10 Things We Can Do to Contribute to Internal, Interpersonal, and Organizational Peace

  1. Spend some time each day quietly reflecting on how we would like to relate to ourselves and others.

  2. Remember that all human beings have the same needs.

  3. Check our intention to see if we are as interested in others getting their needs met as our own.

  4. When asking someone to do something, check first to see if we are making a request or a demand.

  5. Instead of saying what we DON'T want someone to do, say what we DO want the person to do.

  6. Instead of saying what we want someone to BE, say what action we'd like the person to take that we hope will help the person be that way.

  7. Before agreeing or disagreeing with anyone's opinions, try to tune in to what the person is feeling and needing.

  8. Instead of saying "No," say what need of ours prevents us from saying "Yes."

  9. If we are feeling upset, think about what need of ours is not being met, and what we could do to meet it, instead of thinking about what's wrong with others or ourselves.

  10. Instead of praising someone who did something we like, express our gratitude by telling the person what need of ours that action met.

At this moment, the most challenging advice on the list, for me, is Number Three. Of course I subscribe to that value ....... in theory. But talk is cheap. Whether or not I walk my talk is the test.

Tuesday, May 19, 2009

Vargas Adventure

I promised to tell you about my camping trip to Vargas Island over the Victoria Day long weekend. It was enchanting.

What I liked best about it was the solitude. The first time we saw anyone besides the members of our own travel party was around noon on the day of our departure, just as we were packing up to return home. The scenery was gorgeous, as was the sound of the waves when I fell asleep on the beach.

Although the sky was overcast most of the time that we were there, the rain was confined to short overnight showers. The weather was dry during daylight hours, and that made the logistics of camping and hiking easier.

The company was congenial too.

We left home on Saturday morning, May 16th, 2009, and returned on Sunday evening, May 18th, 2009.
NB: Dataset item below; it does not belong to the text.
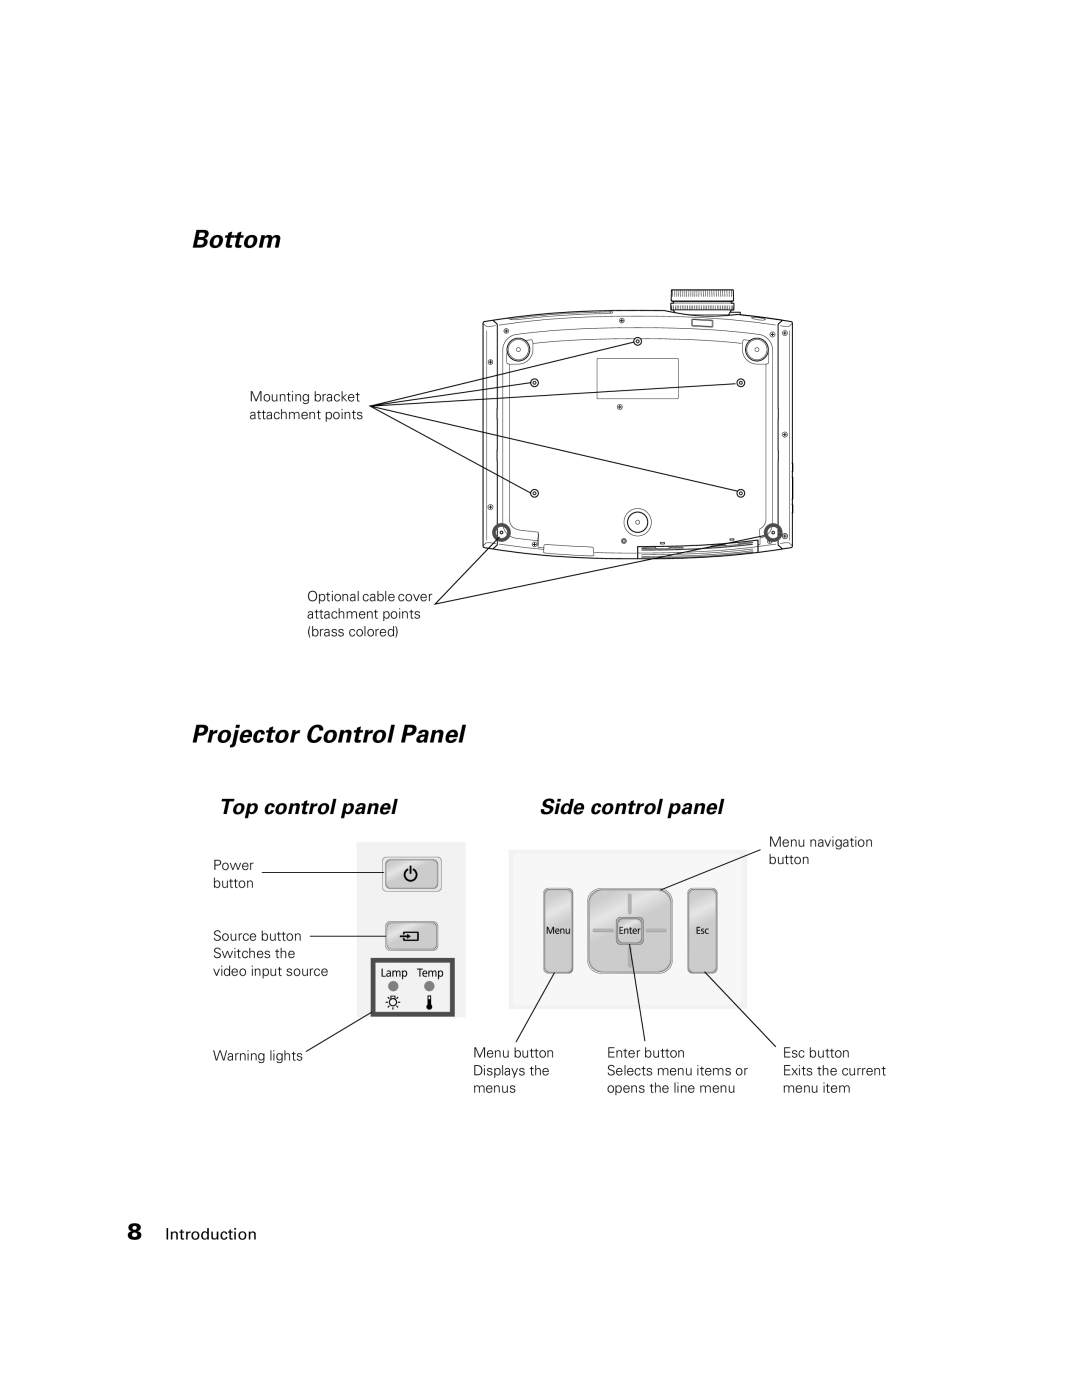 Epson 9350, 9700 manual Bottom, Projector Control Panel, Top control panel, Side control panel

In the picture above, we have just disembarked from the boat that ferried us from Tofino to the near shore of Vargas Island. We are about to hike across the island to Ahous Bay on the far shore. From left to right: Sarah, Sue, Lynne, Michael and Ian.

Above are our tents on the beach at Ahous Bay, on the west coast of Vargas Island. My trip was made possible by the generosity, cooperation and collaboration of friends. Charles and Lynne gave me a ride from Nanaimo to Tofino and back again. My fellow Pacific Gardeners, Chad and Susana, lent me a tent and a backpack. Ian lent me a sleeping bag and a foam camping mattress, as well as sharing his camp stove with me.

Above our party is setting out for a Sunday morning hike. Left to right: Sarah, Sue, Charles, Ian, Peter, Lynne and Michael. The piece of foam that Peter and Michael are carrying was salvaged from the beach. The idea is to use it as a raft with which to cross a lagoon further up the island. Sarah and Michael, in particular, displayed great creativity in finding uses for found objects.

I liked the patterns that waves had made in the sand.

Sunset from Ahous Bay.

In the series of peak moments I have experienced since I moved to Nanaimo, a period during which one superlative has overtaken another, Vargas Island is right up there with the best.

If you would like to see more photos, I have posted some on this website.

Saturday, May 16, 2009

Off to Vargas Island

I am off to visit Vargas Island with friends for the Victoria Day long weekend. We will drive to Tofino on the west coast of Vancouver Island, catch a boat to Vargas Island, hike across the island, and camp on the far shore. I'm expecting it to be fun. When I get back home to Nanaimo, I'll let you know how it went.